Here are some reasons that the high-speed rail project should be terminated. There are numerous others, of course. The tides have turned in Washington and we will now have elected officials who are actually interested in what we have to say.
In short, the Republicans agree, as best as we can tell, to terminate this project in its tracks. The Democrats, so intently determined to bring federal dollars into California, care much less about the disreputable aspects and sequence of contemptible events with the CHSRA Board and staff. Those events date back decades, but have accumulated dramatically and visibly in recent months.
So, here's what I believe should be brought to the attention of the new Republican committee heads in the House, as well as the Republicans in the Senate.
1. The funding, which is intended to prime the HSR construction pump, will not create a self generating water pump, so to speak. It will have to be primed perpetually with state and federal funding. It's like priming a dry well.
2. The development costs, whatever they say they are, will skyrocket beyond reason. Budgeted at $43 billion, more experts are agreeing that it will be well over $100 billion. Who pays? Taxpayers.
3. The project is approaching scandal status. Numerous state agencies, such as the State Auditor and the Inspector General, have already criticized the mismanagement and illegalities. Even the HSR Peer Review committee, required by enabling legislation, is highly critical. In Washington, the FRA Inspector General has opened a case file on this project. That's the consequence of leading people to believe that the federal money source will be bottomless. Better to shut it down now; to do so will lower the white collar crime rate.
3. In California (or anywhere else), building a train nobody actually needs is stupid. But, on the other hand, not repairing the water sources system in our state is economically very dangerous. The rural Central Valley depends on Delta water. The state economy depends on Central Valley agriculture. Agriculture is California's cash cow. State and federal development dollars for HSR are thereby going to the wrong project. This is just one example of better use of tax dollars.
4. The jobs that HSR will generate -- the backbone of the Democratic argument for building the train -- are government jobs, not private sector jobs. That's no way to recover the economy; that just puts the permanent unemployment problem off a decade. The state has lost manufacturing jobs that all the trains in the world won't bring back.
5. Government funding (both state and national) should bolster the US and California economy. Instead, the money will go to overseas corporations that know how to construct and build HSR systems, since we don't. China may be the big winner here. (Example: The US should be the manufacturing leader in wind turbines for green energy. Yet, China is the world leader by far.)
6. Whether California's population grows as much as predicted is highly questionable. Furthermore, the current population growth is not in the cities of San Francisco or Los Angeles, the two terminals of the HSR, but out in the suburbs and away from the population centers. Why? Because that's also where the jobs are for new immigrant populations that do come to California. Yet, the train is being built (over the next ten years +) in regions where the population is declining, not where the populations are increasing.
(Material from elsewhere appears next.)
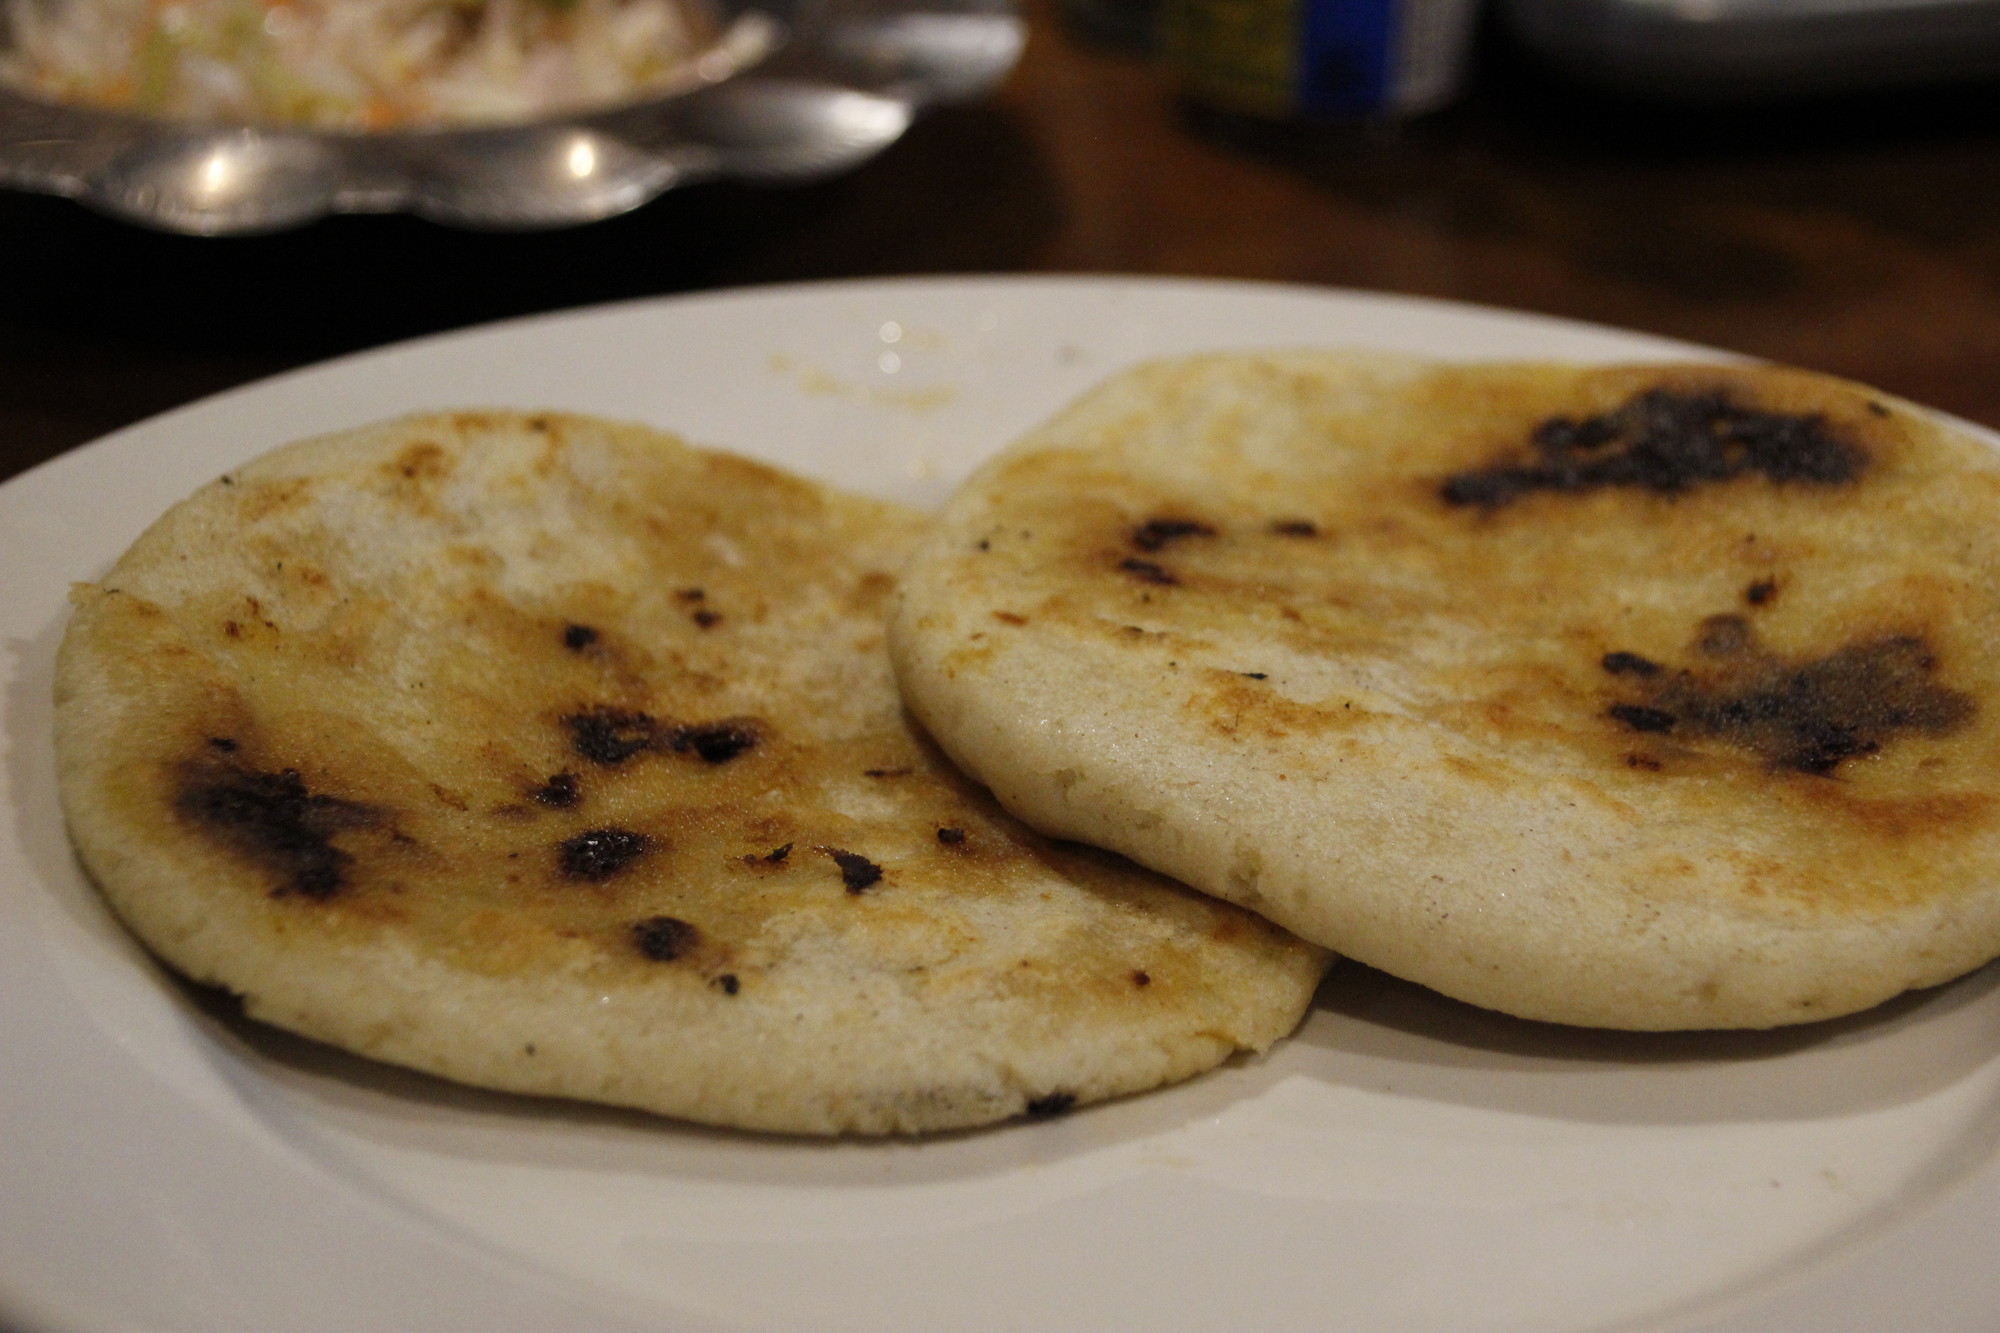 Pupusas, popular at La Perla, are thin handmade tortillas filled with combinations of pork, cheese, rice or beans.

7. The "hidden" agenda behind this train is "social engineering." The intent is to oblige populations to move from the suburbs into the inner cities. Terms like "smart growth" and "transit oriented development" are code for artificially created developers' construction opportunities. The HSR is an essential component of such coerced population shifting. This train is undesirable government intervention in our personal lives.
8. Money poured into this project is very expensive; it's all borrowed, with high interest costs, and it must be re-paid. The so-called "free" money from Washington is not free; it's also borrowed. The more money is spent, the more money will be borrowed. The project will not generate funds to repay all this debt, or even make interest payments. This project is not unlike a Ponzi scheme.
9. The history of Amtrak is a good lesson. Poor service at high costs. Huge subsidy obligations annually. Recent projects of such magnitude have a very bad track record of low-balled cost estimates, and grossly exaggerated 'productivity' such as ridership and revenues. This HSR will require massive operating subsidies, forever.
10. Based on as much documentation as is available, there is yet no evidence for an adequate and justifying demand for this train service. It's not just a "train to nowhere," but it's a train for almost "nobody." A white elephant we don't want and don't need.
11. It's not merely a matter of an over-extended State and Federal deficit and debt. Support for high-speed rail directs funds at a low priority project while neglecting high priority obligations.